C’est un SPD qui est dix points en-dessous du score qu’il faisait avec Gerhard Schröder. Mais il s’agit néanmoins d’un retournement spectaculaire puisque le parti a commencé la campagne électorale à 15% dans les sondages – là où se trouvent les Verts aujourd’hui. On pensait, à gauche, que les Verts étaient devenus la force politique la plus solide et on lui a même donné en mai dernier un potentiel de 25%. En fait, ce qui a compté, c’est la personnalité des candidats au poste de Chancelier : le leader du SPD, Olaf Scholz, s’est révélé plus solide que ses deux principaux concurrents, Armin Laschet, chef de file de la CDU-CSU, et Annalena Baerbock, tête de liste des Verts. Il y a un paradoxe, qu’il faut souligner : l’Allemagne était gouvernée par une Grande Coalition (CDU-SPD) et Olaf Scholz est le ministre des Finances sortant, vice-chancelier, qui plus est. Il aurait pu apparaître comme un homme usé, mais ce n’est pas le cas. Cela nous dit bien, cependant, que le SPD dont il s’agit est un parti très centriste ; certains, parmi les militants, espèrent voir un « coup de barre à gauche », par exemple dans le cas d’une coalition gouvernementale avec Die Linke et les Verts. Mais c’est peu probable.

À l’opposé, Angela Merkel se retire sur un revers électoral cinglant : pour la première fois dans l’histoire de la République fédérale d’Allemagne, la CDU n’a pas dépassé la barre des 30%. Comment expliquez-vous ce revers des démocrates-chrétiens ?

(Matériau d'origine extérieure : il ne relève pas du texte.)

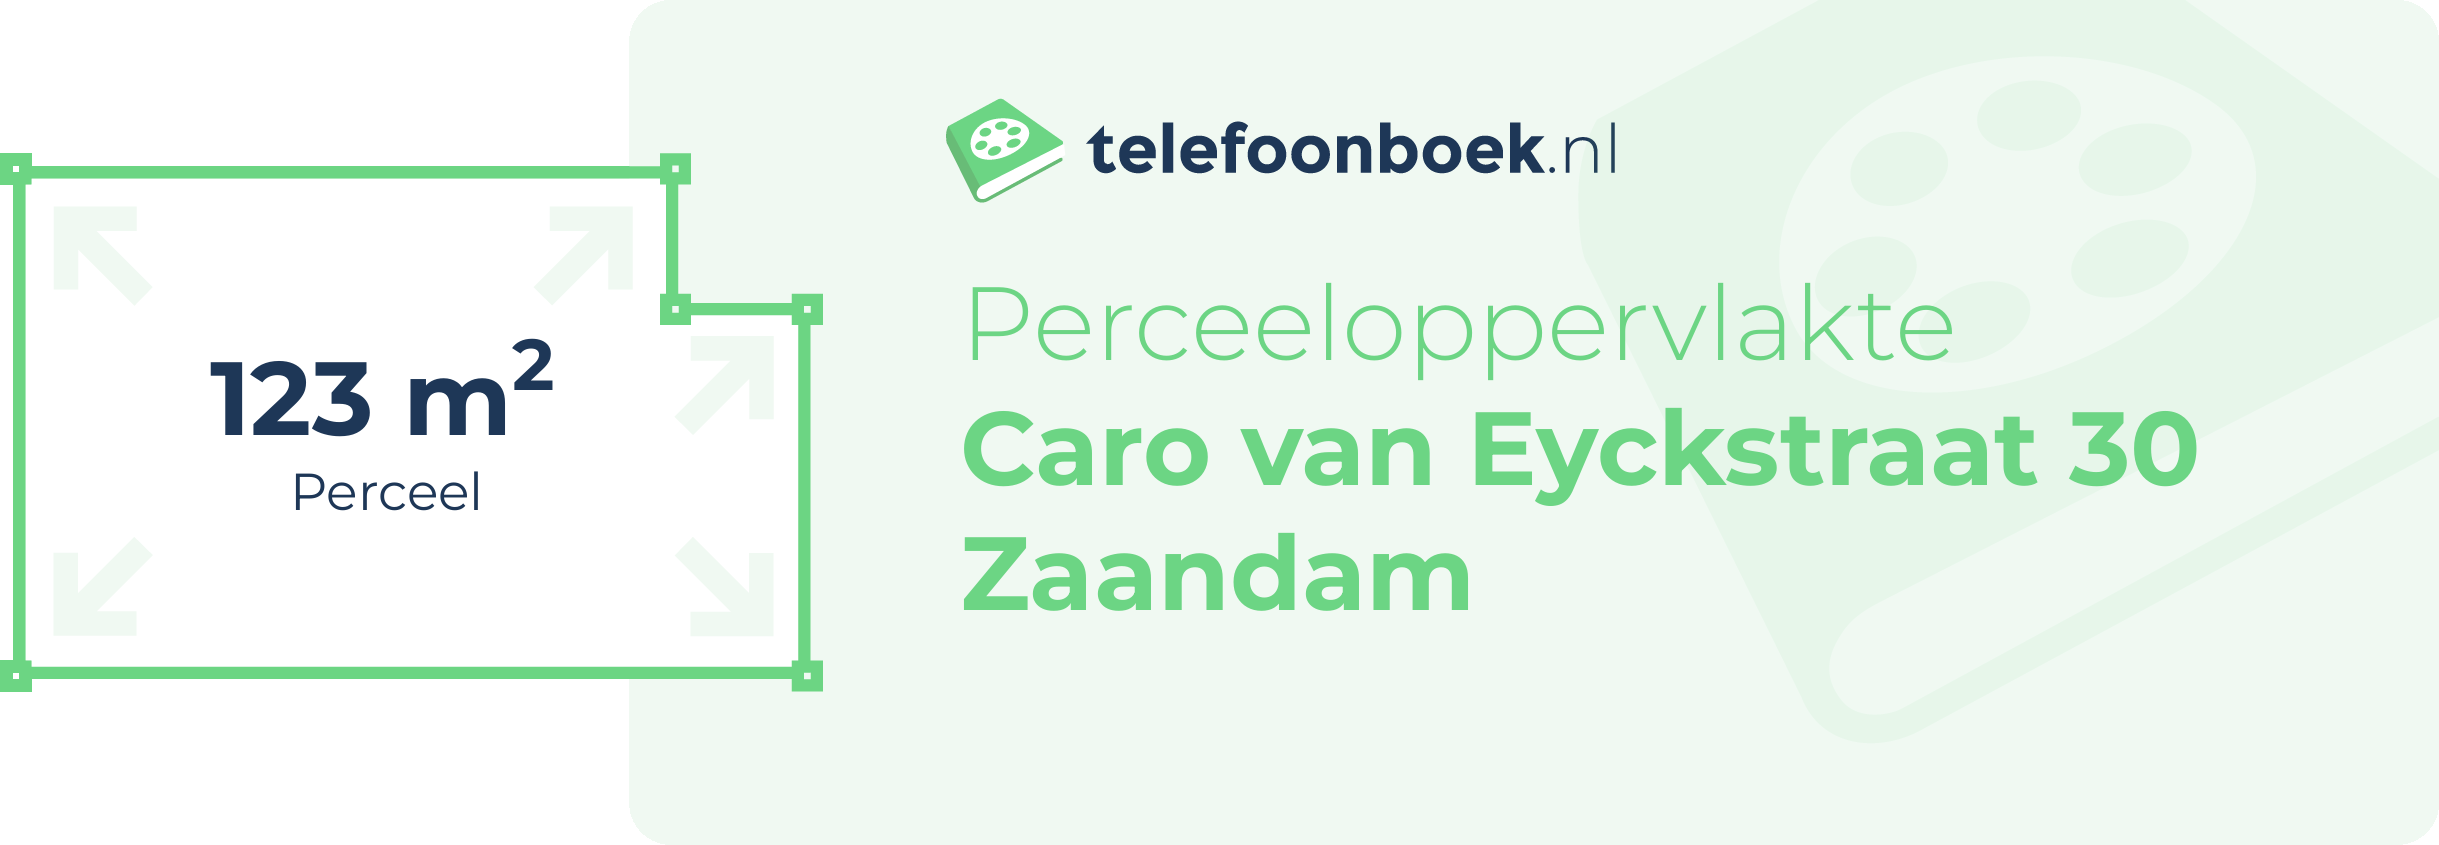 Perceeloppervlakte Caro Van Eyckstraat 30 Zaandam

Madame Merkel vous ferait remarquer qu’elle ne se représentait pas. Mais vous avez raison, c’est largement sa défaite. Quand elle est devenue Chancelière, la coalition des chrétiens-démocrates et des chrétiens-sociaux faisait entre 35 et 40%. Elle la laisse à moins de 25%. Et il s’agit d’une tendance lourde puisqu’elle-même n’avait fait que 32% en 2017. Comment l’expliquer ? En fait, Madame Merkel, fille d’un pasteur protestant compagnon de route du régime de RDA, était porteuse d’un véritable progressisme qu’elle a progressivement insufflé à la CDU : sortie complète de l’énergie nucléaire (2011), accueil des « migrants » (2015), adoption du mariage homosexuel (2017) ne sont que les moments les plus significatifs de ce qui a été une lente dérive vers le centre-gauche de la CDU, pour se disputer les suffrages des 50% les plus riches de la population allemande avec le SPD, les Verts et les Libéraux.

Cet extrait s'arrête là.